I have given the algorithms the following keys:
| no | algorithm | key |
|---|---|---|
| 1 | My Newton-Gauss Implementation | A |
| 2 | CMinPack Levenberg-Marquardt | B |
| 3 | OpenCV Levenberg-Marquardt | C |
| 4 | Nelder-Mead | D |
Table 1: Key values assigned to the algorithms for presentation purposes
The results of the experiments are as follows:
| no | A_error | A_iter | B_error | B_iter | C_error | C_iter | D_error | D_iter |
|---|---|---|---|---|---|---|---|---|
| 1 | 0 | 4 | 0 | 64 | 0 | 6 | 2.25 | 1000 |
| 2 | 0 | 5 | 0 | 64 | 0 | 6 | 5.6 | 1000 |
| 3 | - | - | 0 | 64 | 0 | 6 | 9.7 | 1000 |
| 4 | - | - | 0 | 64 | 0 | 6 | 3.3 | 1000 |
| 5 | 0 | 5 | 0 | 64 | 0 | 6 | 39.2 | 1000 |
| 6 | 0 | 5 | 0 | 71 | 0 | 6 | 1.3 | 1000 |
| 7 | - | - | 0 | 85 | 0 | 8 | 0 | 1000 |
| 8 | 0 | 7 | 0 | 71 | 0 | 6 | 12.2 | 1000 |
| 9 | - | - | 0 | 306 | 0 | 78 | 0.56 | 1000 |
| 10 | 0 | 6 | 0 | 78 | 0 | 6 | 36.0 | 1000 |
Table 2: Results of the 10 experiments performed at iteratively refining the pose for the given bundle adjustment problem
NOTE: With respect to the iteration counts, counts for the cminpack algorithm includes iterations for calculating the Jacobian, while those of the OpenCV approach do not. However, if you multiply the OpenCV iteration by $6$ (for $6$ extra cost calculations - one for each parameter), it is still apparent that the OpenCV version converges with less iterations. The Nelder-Mead algorithm never converged, and since it was limited to 1000 iterations, this was its iteration count for all problems.
Conclusions
In this work, we evaluated $4$ iterative optimizers for solving non-linear convex multi-parameter problems. In order to evaluate these algorithms, we setup a toy bundle adjustment problem in the form of a classical distortion free PnP (Perspective-n-Point) problem.
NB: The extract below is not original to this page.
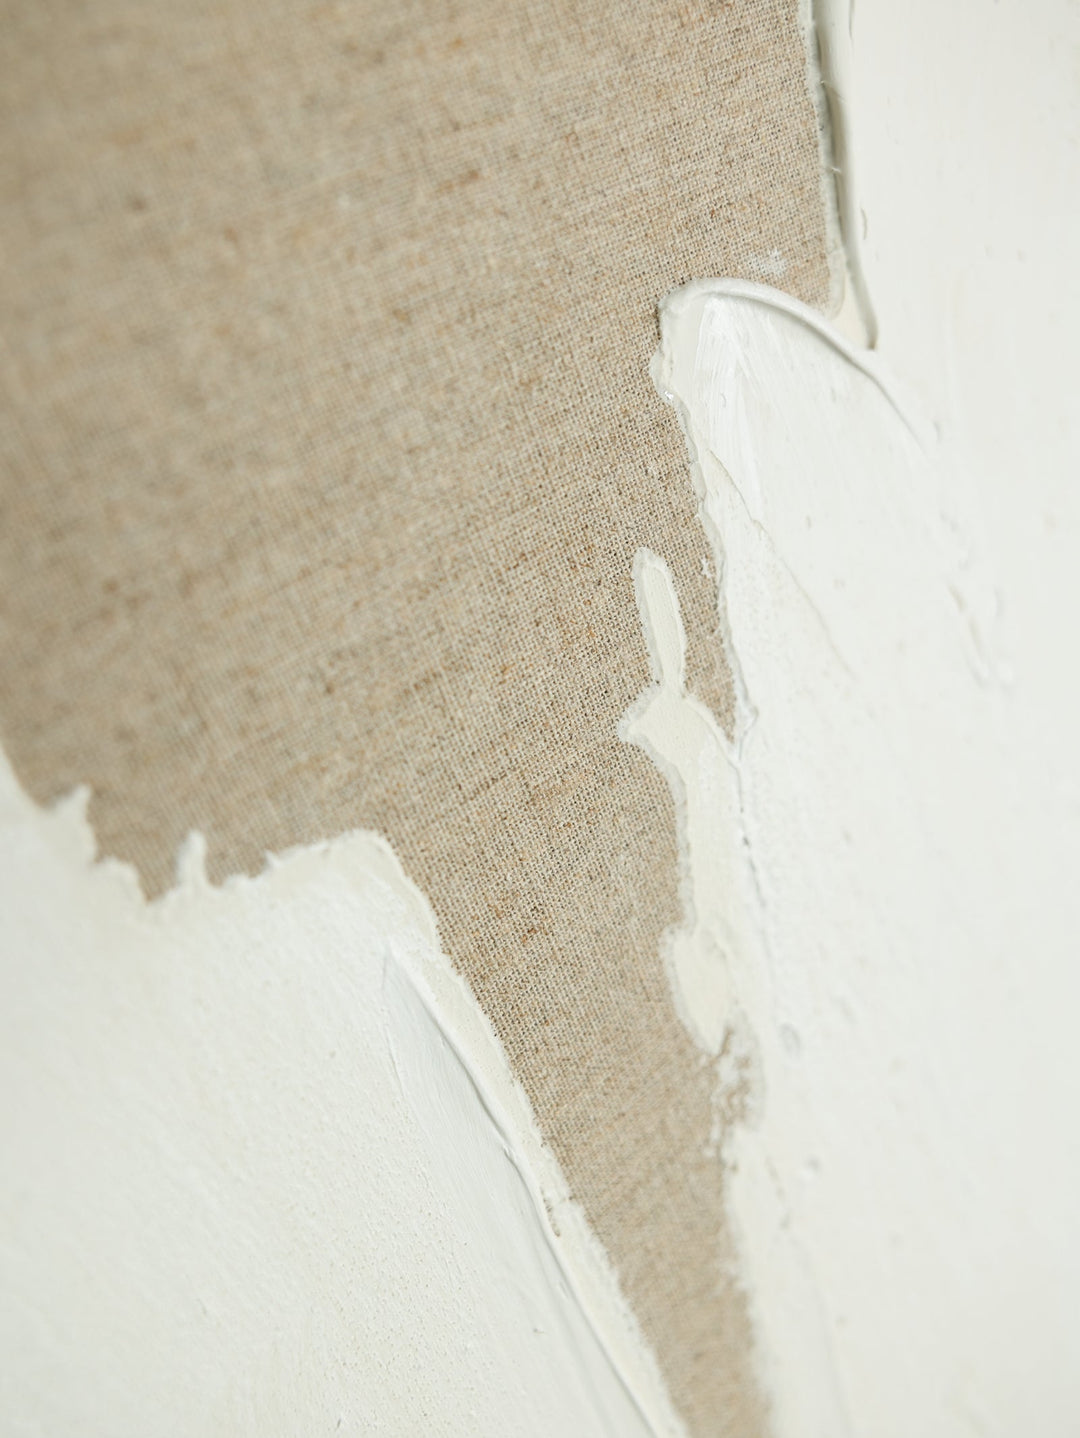 Simplicity Wall Art in Linen - Wall Art- Hertex Haus Online - abstract art

The performance was as follows:
My implementation of the Newton-Gauss performed reasonably well in several cases (converging to zero and often in the least number of iterations), however it is also was the only algorithm to truly fail (which it did in $40\%$ of the cases). My assumption is that this is related to a known issue with Newton-Gauss algorithm, in that sometimes it “overshoots” its target and this causes problems. The solution to this problem was of course the Levenberg-Marquardt algorithm - which is more complex, but several implementations already exist.
Both OpenCV’s version and the CMinPack versions of Levenberg-Marquardt managed to solve all the problems. OpenCV’s version was able to do this in less iterations - however CMinPack is often easier to incorporate into code. Essentially my finding is that one of these two algorithms would be my tool of choice. If the Jacobian was known, then OpenCV’s implementation is a clear winner (based on implementation complexity).
The Nelder-Mead algorithm was the least accurate of the algorithms. This could of course be due to my bad tuning of the parameters, but at the moment, I am most comfortable with the performance of the two Levenberg-Marquardt algorithms.